Questo era anche l’auspicio dell’Autorità europea di controllo sui partiti che da settembre è diretta dal francese Pascal Schonard, avvocato e giurista che si è formato alla scuola nazionale dell’amministrazione (Ena). Nella relazione dell’Autorità di Schonard un intero articolo è dedicato alla «minaccia di interferenze straniere nella sfera politica europea e in particolare nelle elezioni europee».

 

La commissaria Jourová è convinta che sui social vadano stanate le offensive contro l’Ue: «Abbiamo elaborato una legge sugli annunci politici. Una volta che questa legge sarà adottata, ogni annuncio politico dovrà essere chiaramente etichettato. Noi, gli elettori, saremo in grado di sapere chiaramente che stiamo vedendo un contenuto che qualcuno ha pagato per farci vedere, sapremo quanto ha pagato e perché stiamo vedendo questo annuncio. Facebook e gli altri dovranno mostrare quali criteri hanno usato per indirizzarci. Se non saranno in grado di farlo, non potranno pubblicare un annuncio. Spero che presto avremo tutti una migliore comprensione di ciò che accade su internet durante le campagne politiche».

 

L’Europa è spaventata dai social e da un aspetto rilevante: con pochi soldi e senza lasciare tracce, come ormai è chiaro, si può condizionare il voto di milioni di cittadini: «Quello che trovo più allarmante è che le elezioni siano diventate una competizione con metodi sporchi.
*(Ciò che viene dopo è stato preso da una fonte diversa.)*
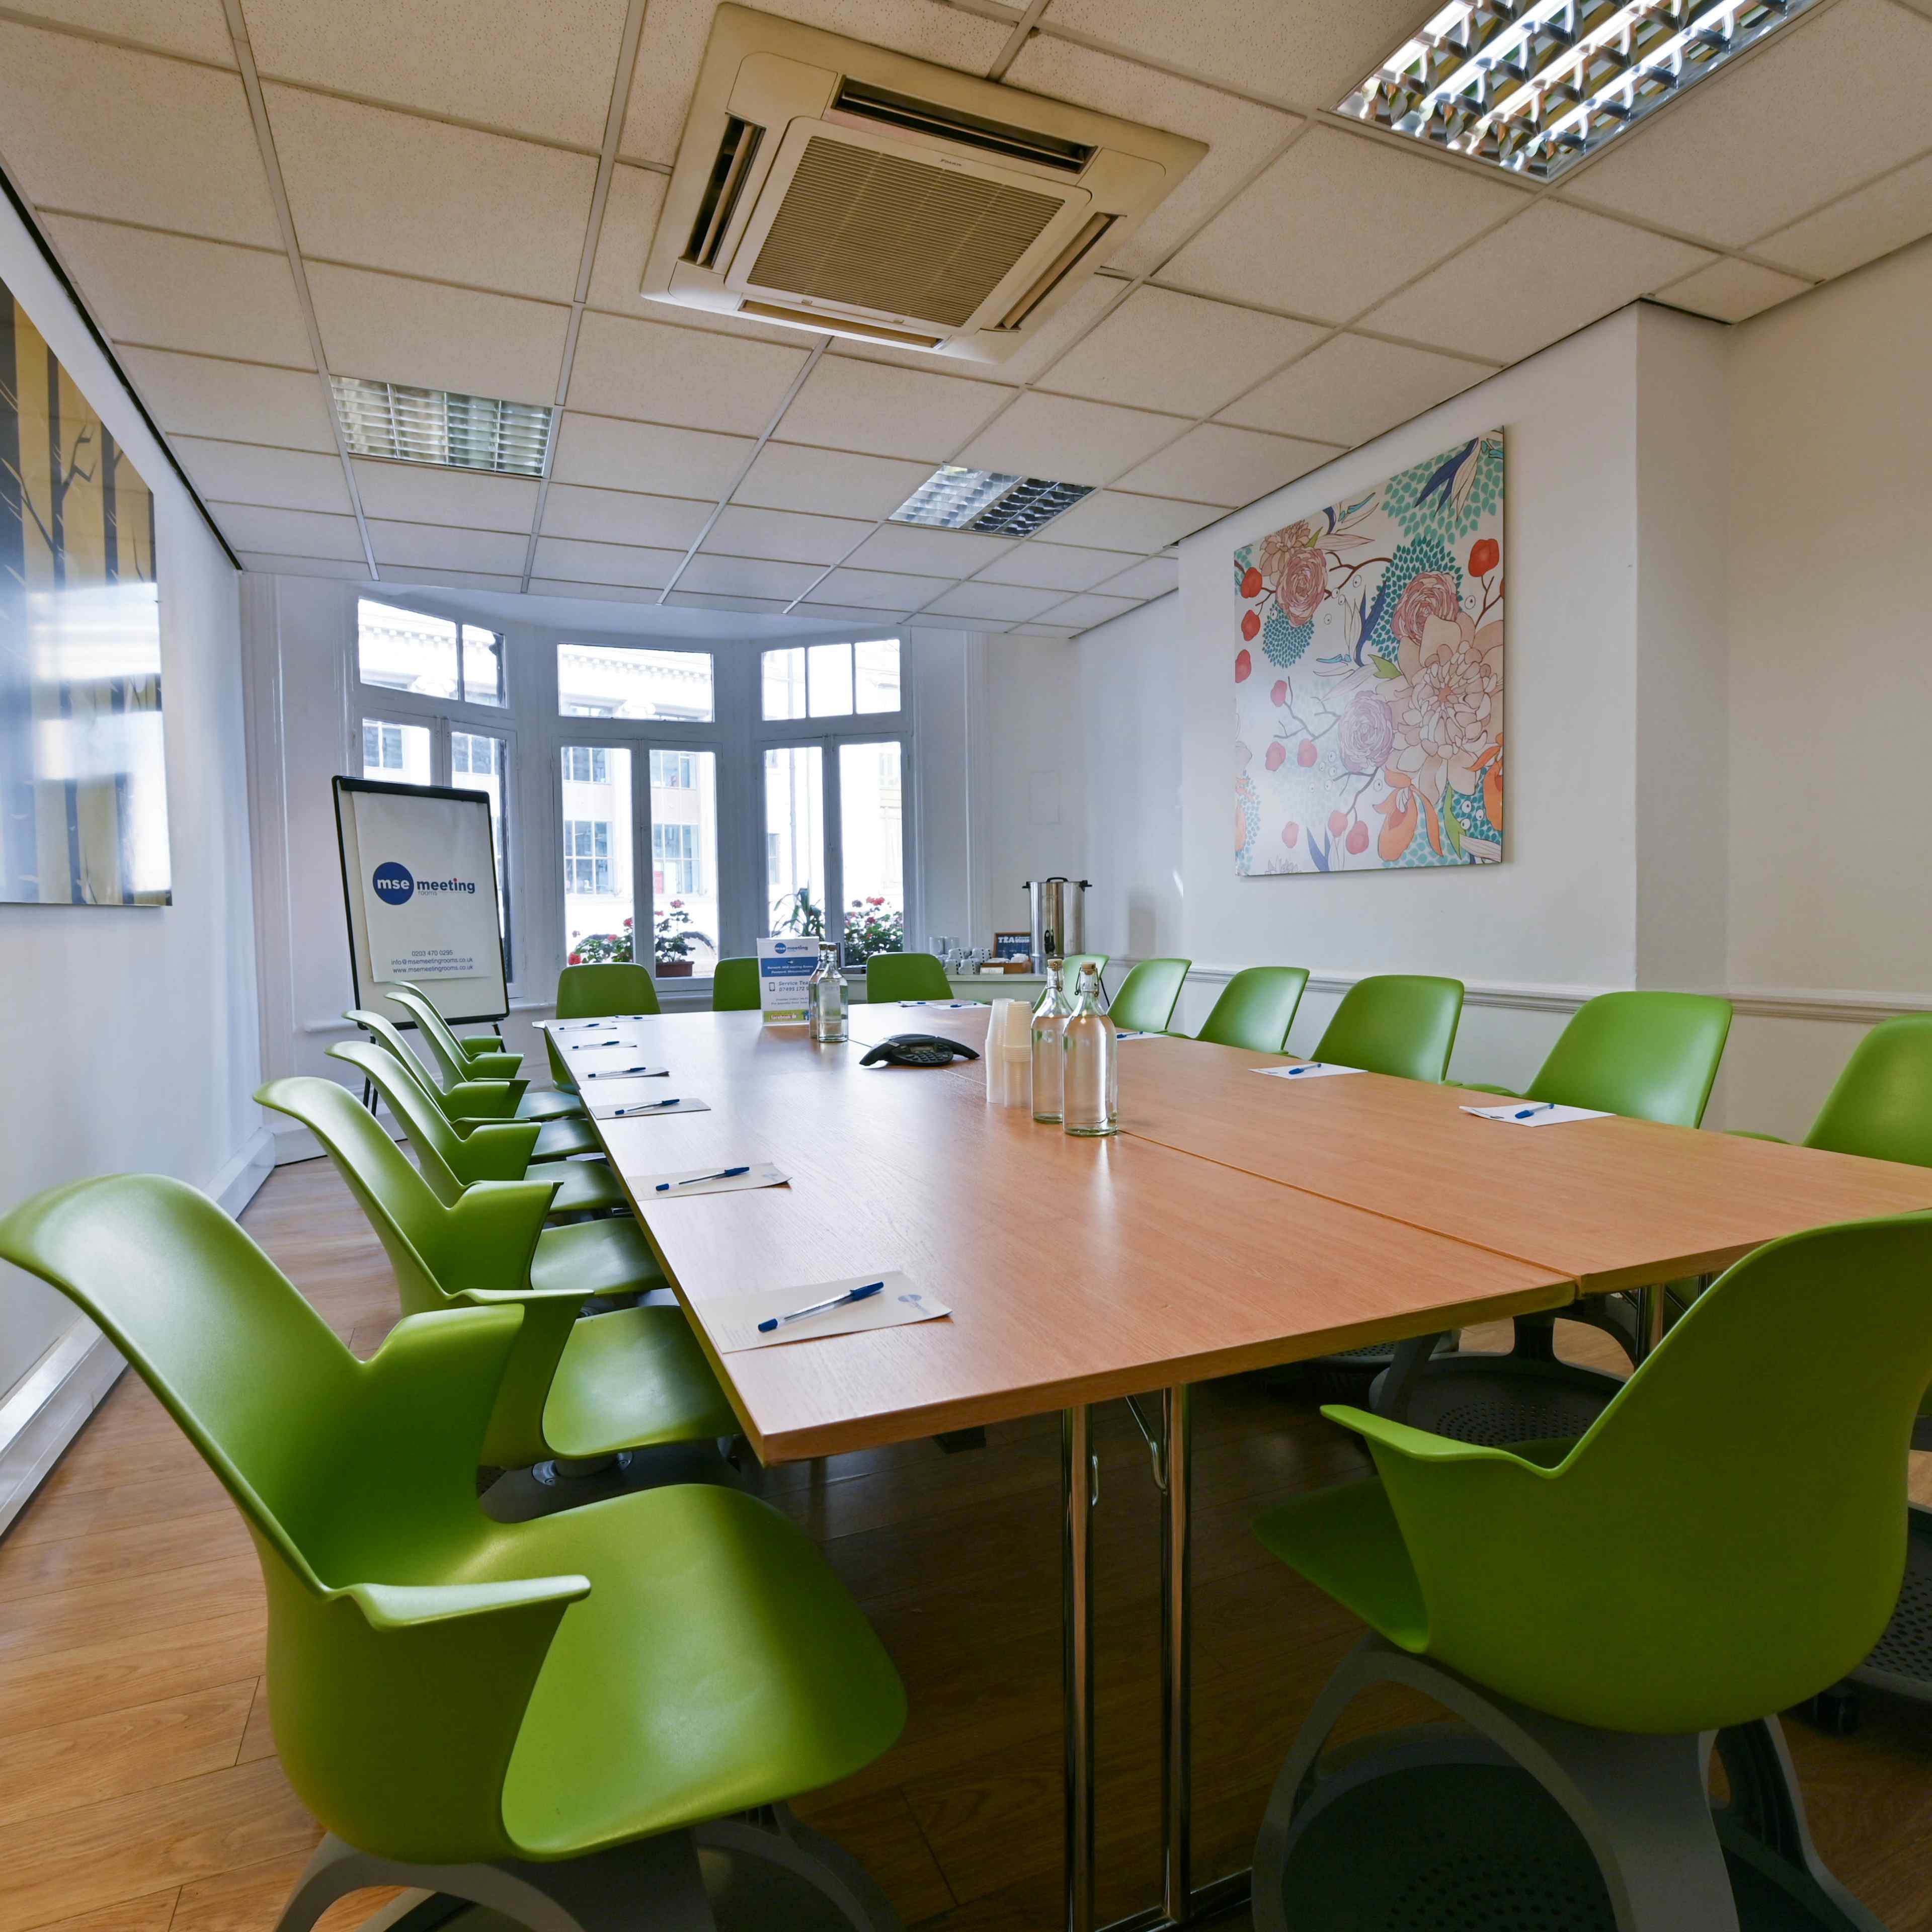 MSE Meeting Rooms - Tottenham Court Road - oslo image 1

Le nuove tecnologie dovrebbero essere strumenti di emancipazione, non di manipolazione. Vediamo che queste tecniche manipolative sono utilizzate nelle campagne di disinformazione, sia da fonti pro-Russia che da altre. La pandemia ne è solo l’ultimo esempio».

 

Va rintracciato il pericolo: sta per palesarsi o si trova già qui? E dunque: siete a conoscenza di donazioni private anomale ai partiti e alle fondazioni europee da paesi extracomunitari? «Certo, ne siamo a conoscenza. Non è un segreto che il denaro russo giochi un ruolo nella politica europea. Non è un segreto - aggiunge la commissaria Jourová - che alcuni politici europei, soprattutto di gruppi estremisti, non si tirino indietro nel cercare denaro russo. Quello che stiamo tentando di fare è limitare questa influenza e assicurarci che tutti sappiano chi riceve denaro da dove. Per fortuna, la Commissione non è sola. L'Autorità e il Parlamento sono al nostro fianco». Ci si domanda se basterà. Se non sia troppo tardi.